Pennsylvania Gambling Expansion Law Includes Earmarks for $20 Million Aquarium, $5 Million Indoor Rec Center

Posted on: October 31, 2017, 09:23h. 

Last updated on: October 31, 2017, 01:17h.

The economically all-encompassing Pennsylvania gambling expansion package signed yesterday by Governor Tom Wolf (D) is a 939-page bill that comes with a few carefully placed earmarks.

Pennsylvania gambling Tom Wolf
Governor Tom Wolf signed the Pennsylvania gambling bill into law, but not before state senators like Lisa Boscola (seen here with Wolf) got some nifty earmarks into the legislation. (Image: Senator Lisa Boscola/Facebook)

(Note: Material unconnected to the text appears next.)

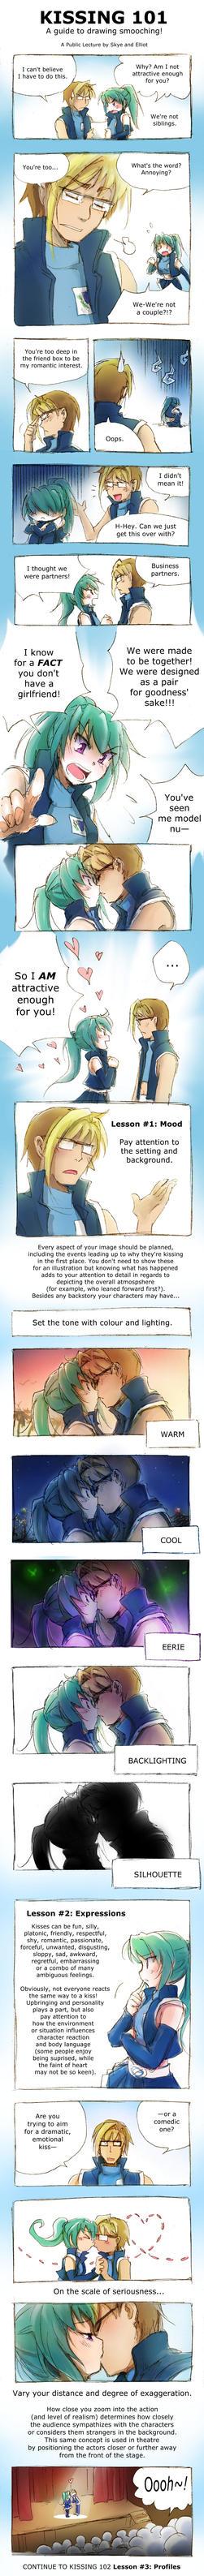 Kissing 101 by Achiru-et-al
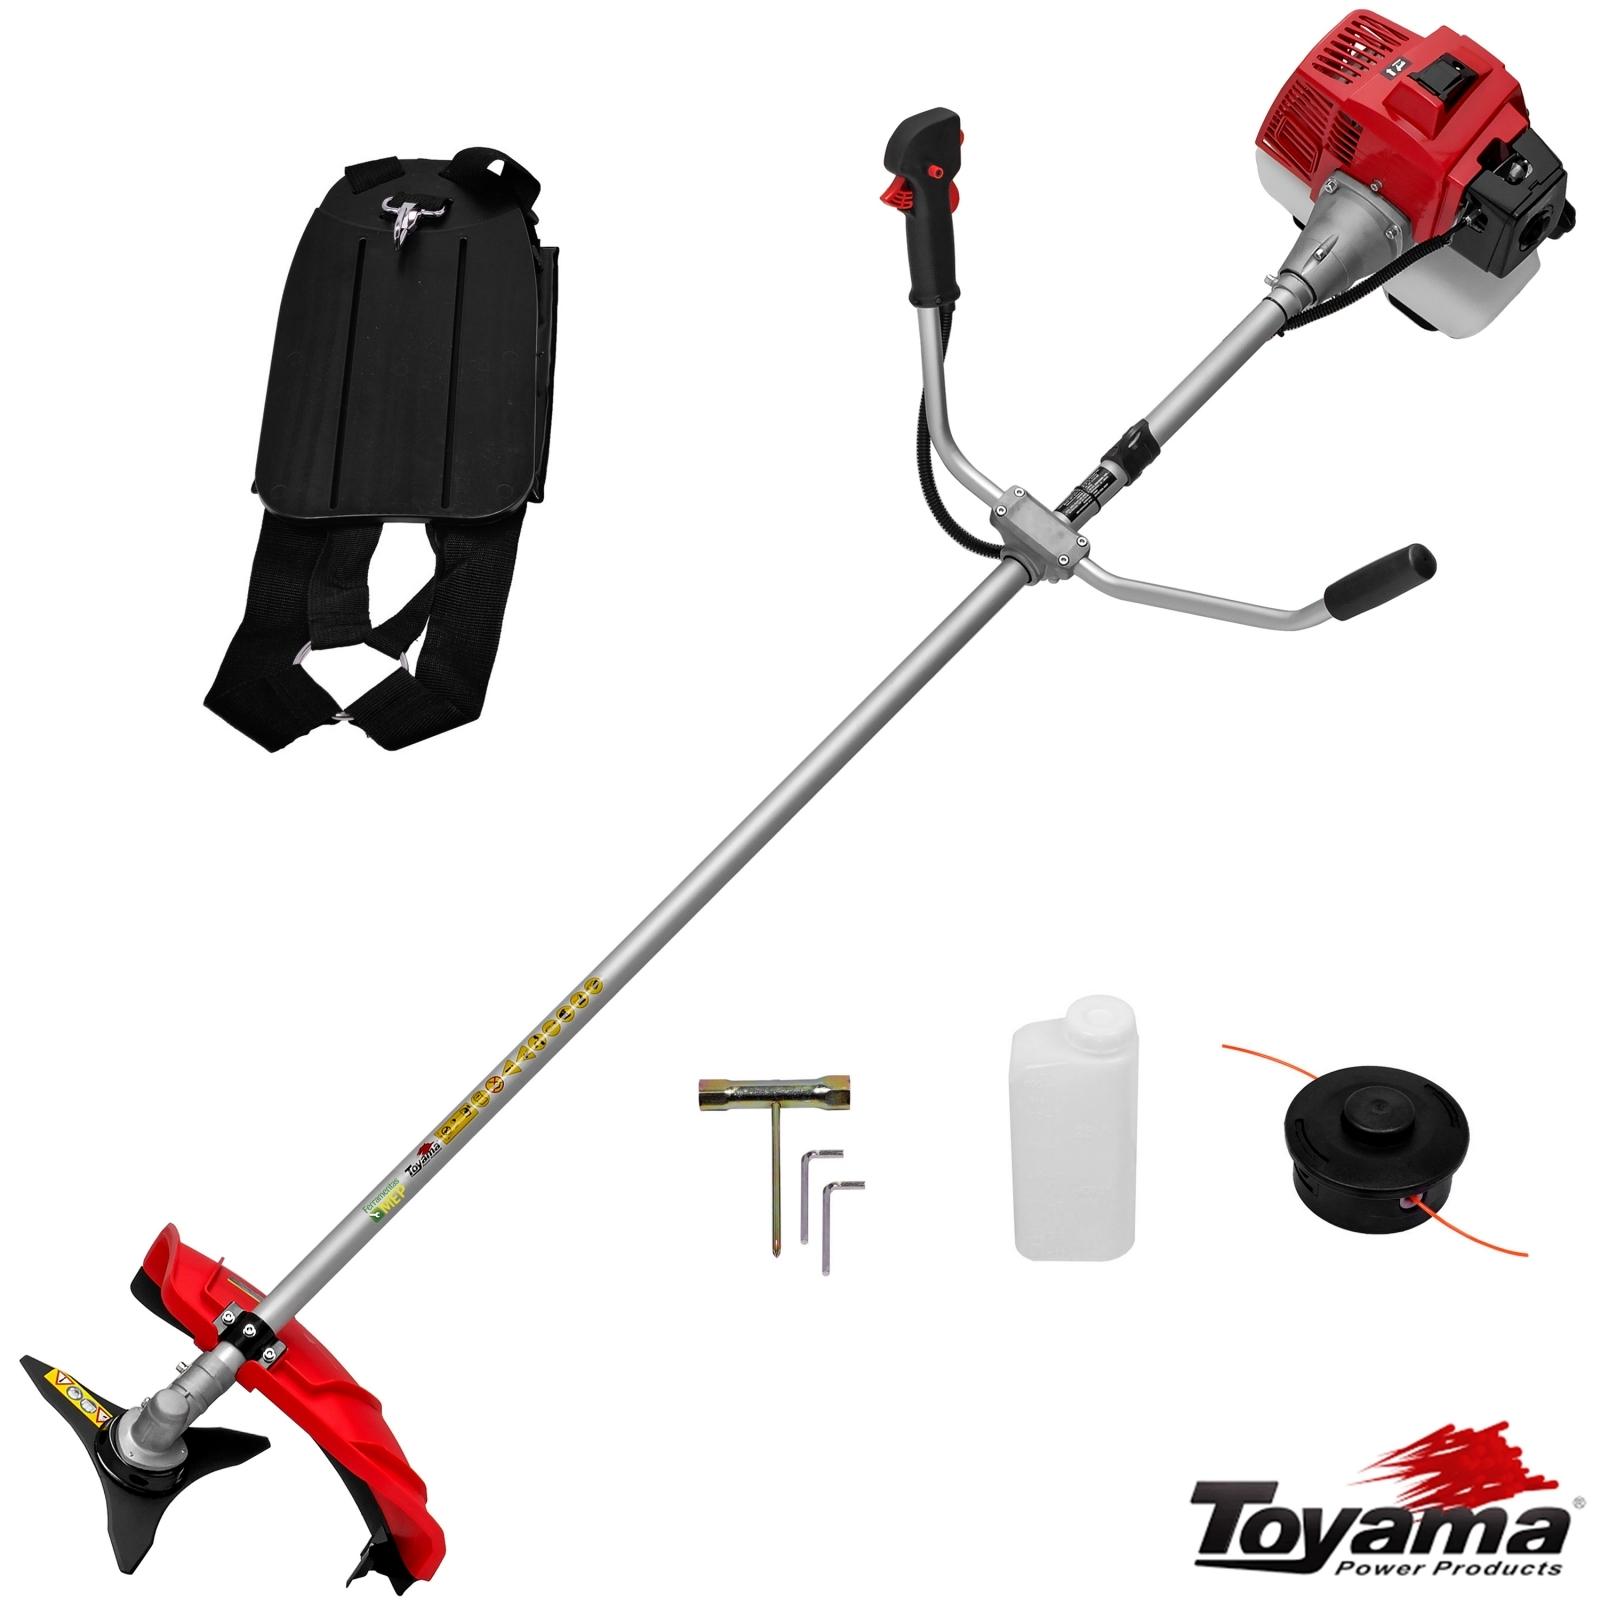 Roçadeira Lateral A Gasolina Toyama Tbc52x 51,2cc - Ro3 - Ferramentas MEP

The most notable is $20 million set aside for the City of Easton to help build its planned Da Vinci Center aquarium and science center attraction, which would be about 12 miles from Sheldon Adelson’s Sands Bethlehem casino.

Say What Now?

Earmarks, or money set aside for specific projects in omnibus bill packages, are part of the political norm from DC to state capitals across the country. And some lawmakers have mastered the art of covertly embedding the desired language into these bills to forward their own, or their constituents’, agendas.

As an example of this, instead of referring to Easton as, well, Easton, State Senators Pat Browne (R-District 16) and Lisa Boscola (D-District 18), who represent Lehigh County in which the city is situated, pushed for some rather fancy legalese to make it into the bill. See if you can follow it without scratching your head:

“For a ten-year period, $2,000,000 annually shall by allocated … for distribution to a regional economic development corporation in two contiguous counties of the third class where a city of the third class is located in more than one county of the third class for debt service on the construction of a science and education center in a city of the third class that is also the county seat located in a county of the third class in which a category 2 licensed facility is located.”

In summary: Easton. Which brings to mind the great line that “laws are like sausages. It’s better not to see them being made,” attributed to 19th century Prussian statesman Otto Von Bismark. Otto got it, and apparently not much has changed in the 120 years since his death.

If you’re wondering what the “third class” designation is about, we’d explain it, but you’d just laugh. Google it at your own risk.

Tax Aversion

Pennsylvania lawmakers passed a state budget over the summer that was underfunded by $2.2 billion. Wolf allowed it to pass 10 days later without his signature.

Since then, the Republican General Assembly and the governor have been at odds as to how best to bridge that gap. Wolf has called for a severance tax on energy producers extracting nonrenewable resources, such as oil and natural gas.

Republican lawmakers weren’t willing to endorse that tax, however, leading to gambling expansion coming into favor. Along with allowing up to 10 satellite casinos to be built across the Commonwealth and authorizing online gambling, daily fantasy sports, airport gaming, and slot machines in truck stops, Pennsylvania will now borrow from its annual share of the Tobacco Master Settlement Agreement.

Plenty of Pork

The approved Pennsylvania gambling measure, House Bill 271, is summarized as an act “extensively revising gaming provisions.” But in addition to setting aside $20 million for Easton’s science aquarium center, the package also directs money to other non-gaming projects.

Earmarks include $5 million annually to the Philadelphia School District, $5 million for indoor recreational facilities, including a pool, in the Poconos, and $1.5 million to create and maintain a government land bank in Eerie. Those allocations come mainly through the local share tax.

While the tobacco settlement borrowing and gaming expansion gets Pennsylvania funded and keeps critical expenditures being delivered to state agencies and public schools, Wolf is growing tired of the politics as usual.

“I’m sick … of special-interest politicians, self-interest, political games trumping the public interest,” Wolf said on Monday.

As for the lawmakers who successfully got their constituents’ agendas inserted into the bill without anybody really understanding it, Boscola referred to herself and Browne as the “dynamic duo.”